Serious algae outbreaks have hit more than 20 states this summer. Florida was the first to appear in the news, after nutrient-laden water from Lake Okeechobee flowed downriver into the ocean, smearing beaches and eastern estuaries with gooey green algae. Across Florida, the Miami Herald reports there have been more than 40 algae blooms this summer.
On the west coast, officials in California have posted danger signs at more than 30 lakes and reservoirs due to algae. In July, a 150 square-mile inland lake in Utah turned anti-freeze green when toxic blue-green algae spread across the lake, sickening more than 100 people.
Minnesota has had a couple of incidences of toxic algae this summer – two dogs died from swimming in Lake of the Woods and Mississippi River – but nothing quite as dramatic as the blooms that have closed beaches in Florida and Utah. Even so, there is plenty of grimy, green algae on most of our shallow lakes and bays right now and it’s not likely to go away until cooler weather returns this fall.
There are regional variations in the recipe for algae, but most include two key ingredients: 1) nutrients from farms, lawns, golf courses and business areas that run off into nearby wetlands, streams, lakes and rivers; and 2) warm water temperatures. In freshwater systems, phosphorus acts as a limiting nutrient for algae, meaning the algae will keep growing until they run out of phosphorus, whereas in saltwater systems, nitrogen is the limiting nutrient. Not all algae is toxic, however. Filamentous green algae, which is commonly found in lakes, is your stereotypical swamp monster type of algae – gooey, blobby, and greenish brown. It’s a recreational nuisance but not poisonous. Blue-green algae (cyanobacteria) usually looks like pea soup or spilled green paint in the water. Some strains are safe, but others can cause vomiting, diarrhea, headache and rashes.

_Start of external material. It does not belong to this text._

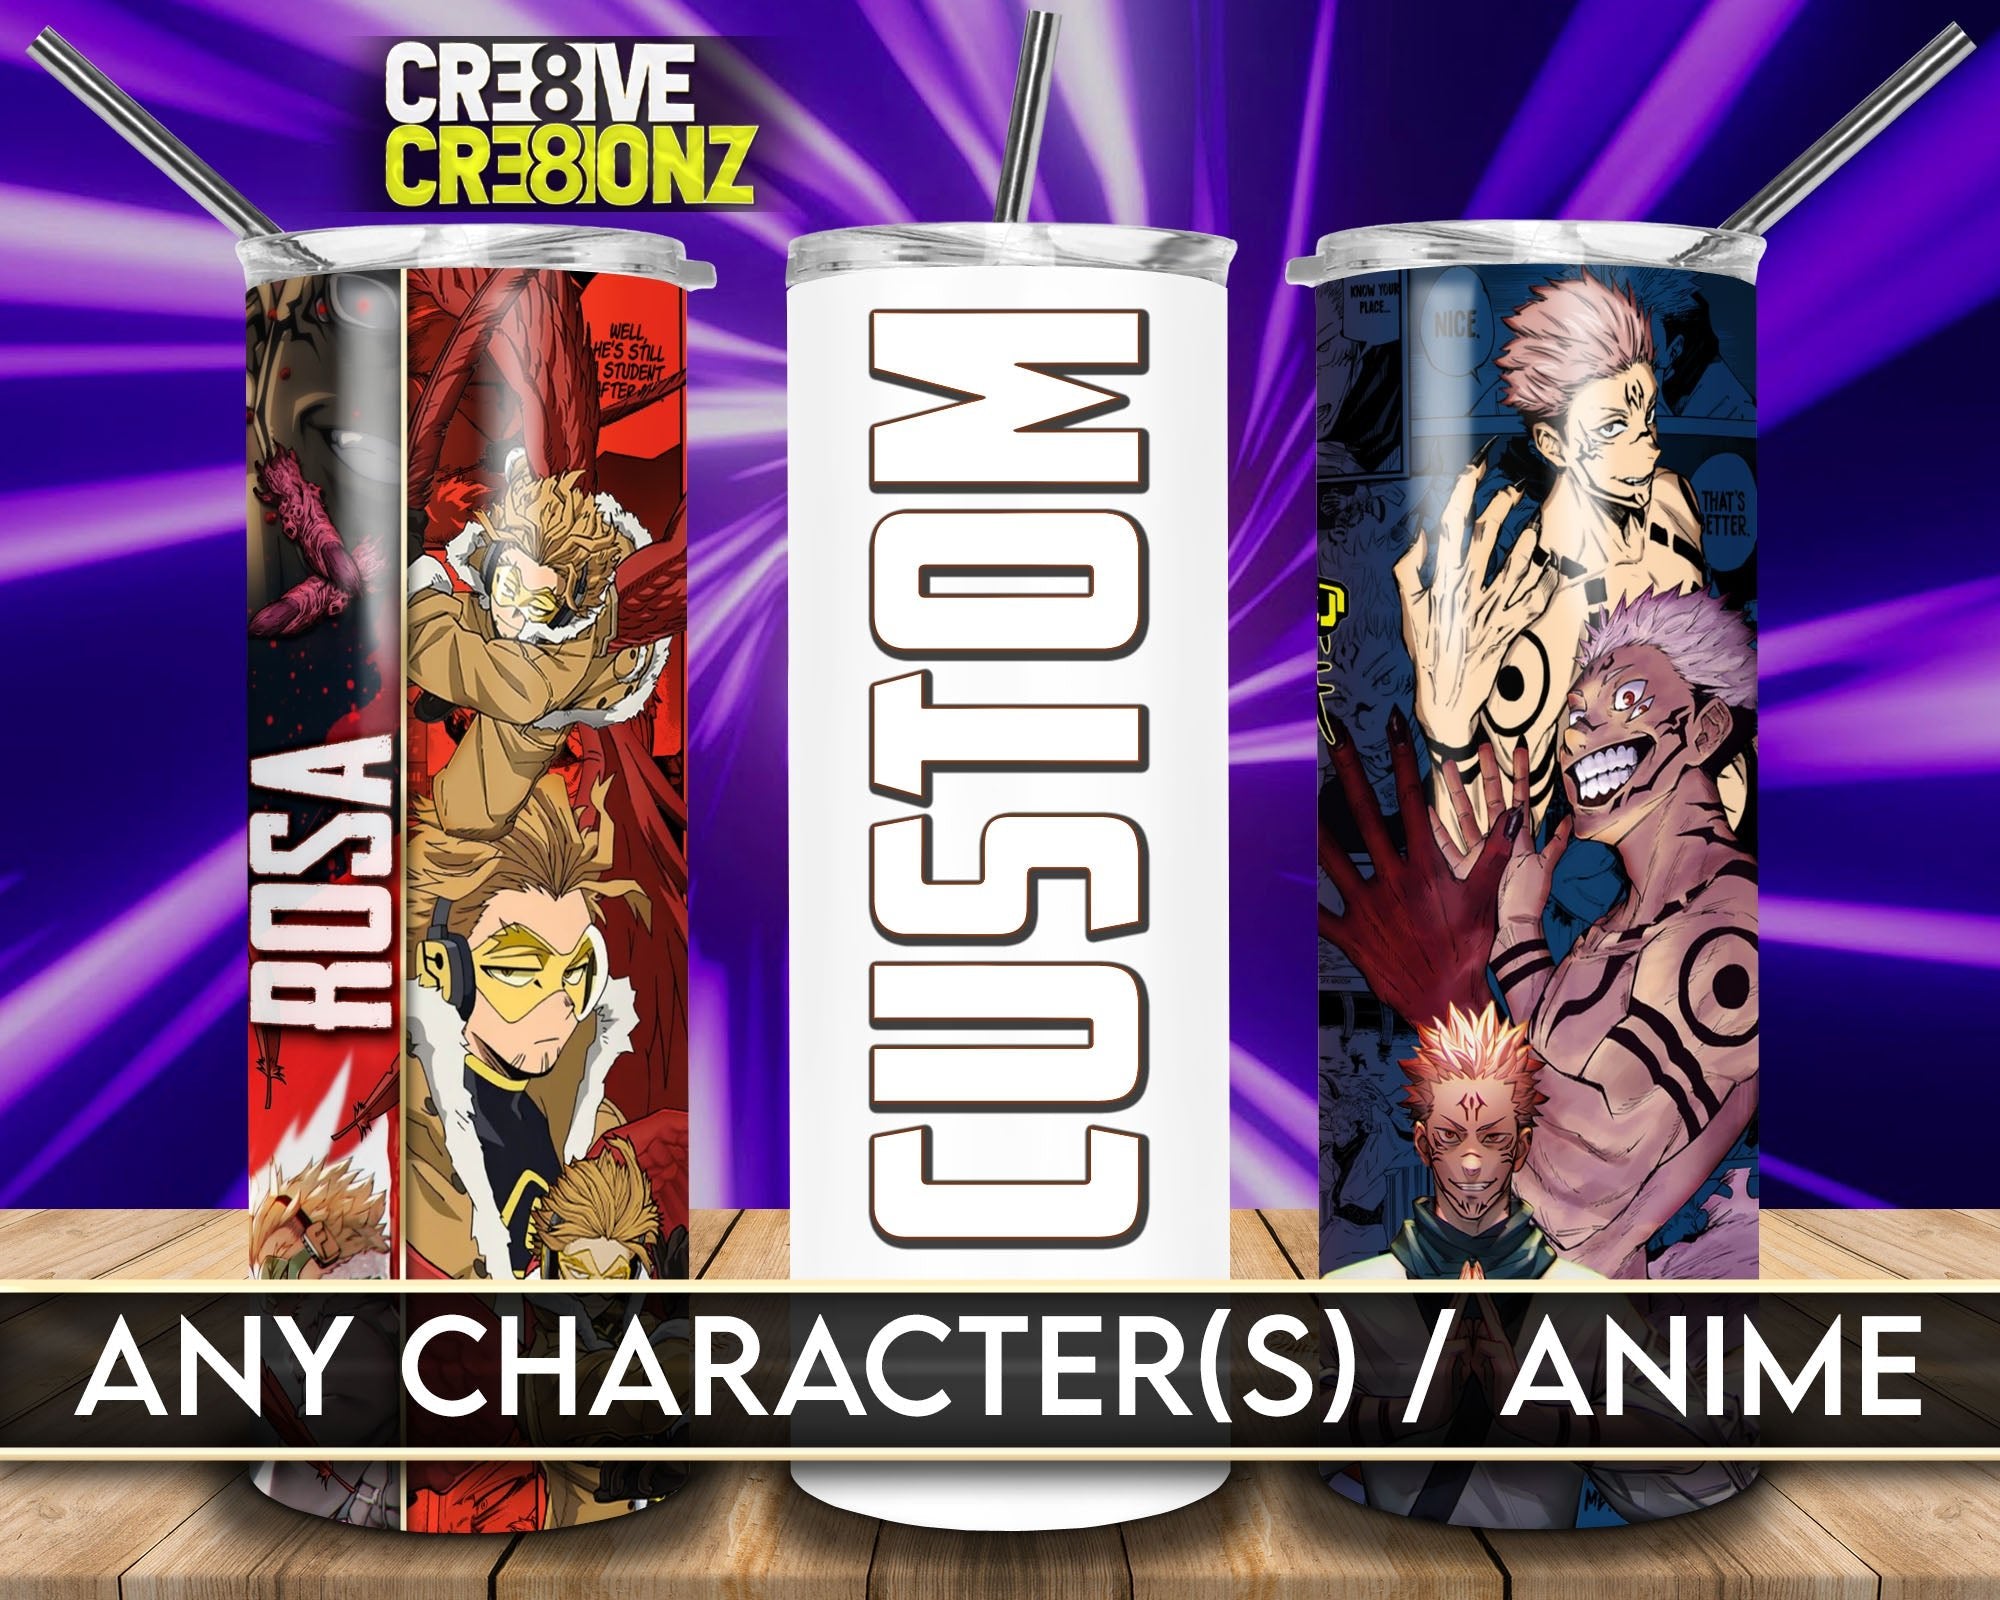 Draw anime style custom characters, costume design, oc art by Drlnglucy |  Fiverr

Interested in whipping up a batch of blue-green algae for your next family gathering? Here’s what you’ll need:
- 1 pound phosphorus (If you don’t have fertilizer, you can substitute grass clippings, soil or leaves. You can also use manure, dog poop, or failing septic systems, though it will obviously affect the flavor of your algae.)
- Water (Rain is the best source of water, though you can also use snow melt.)

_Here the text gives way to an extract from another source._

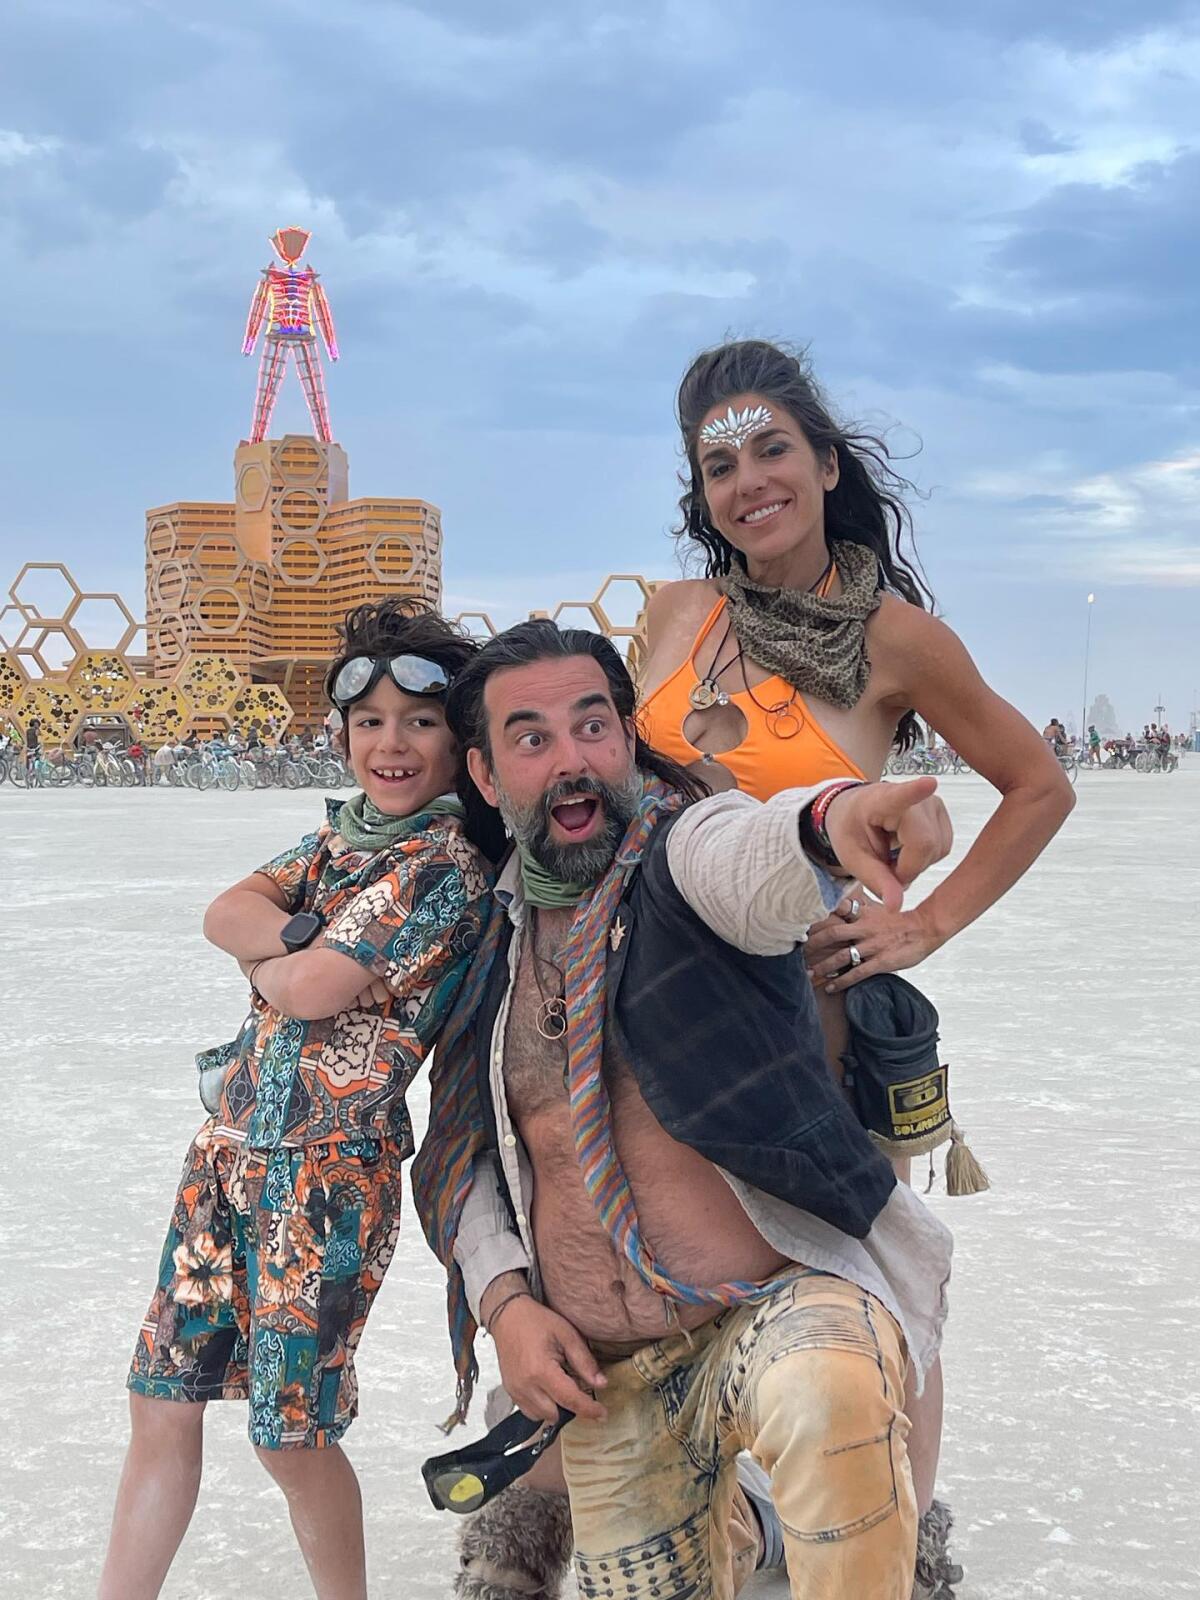 Bianca Snyder poses with her husband and son Tage while at Burning Man.

- Spread the fertilizer liberally on your farmland, turf or gardens. Allow loose pellets to roll off onto the sidewalk. If you are using grass clippings, blow them into street and leave them there for up to 1 week until it rains.
- Avoid sweeping up leaves, grass or spilled fertilizer before it rains. If you have bare soil, do not cover it with erosion control fabric, as this will prevent it from washing away.
- Watch it rain. (This is the easy part!) If you want to accelerate the process, you can irrigate your lawn with groundwater to create additional runoff.
- Ignore any pleas to think about future generations or people living downstream. This is your time and you don’t live downstream.
- After the nutrients wash into your local lake, wait while they steam for 2-3 months. As lake levels go down and the water heats up in the late summer, the nutrients will concentrate and algae will begin to grow exponentially.
This recipe will make up to 500 pounds of algae, which could last for as long as one month. Enjoy!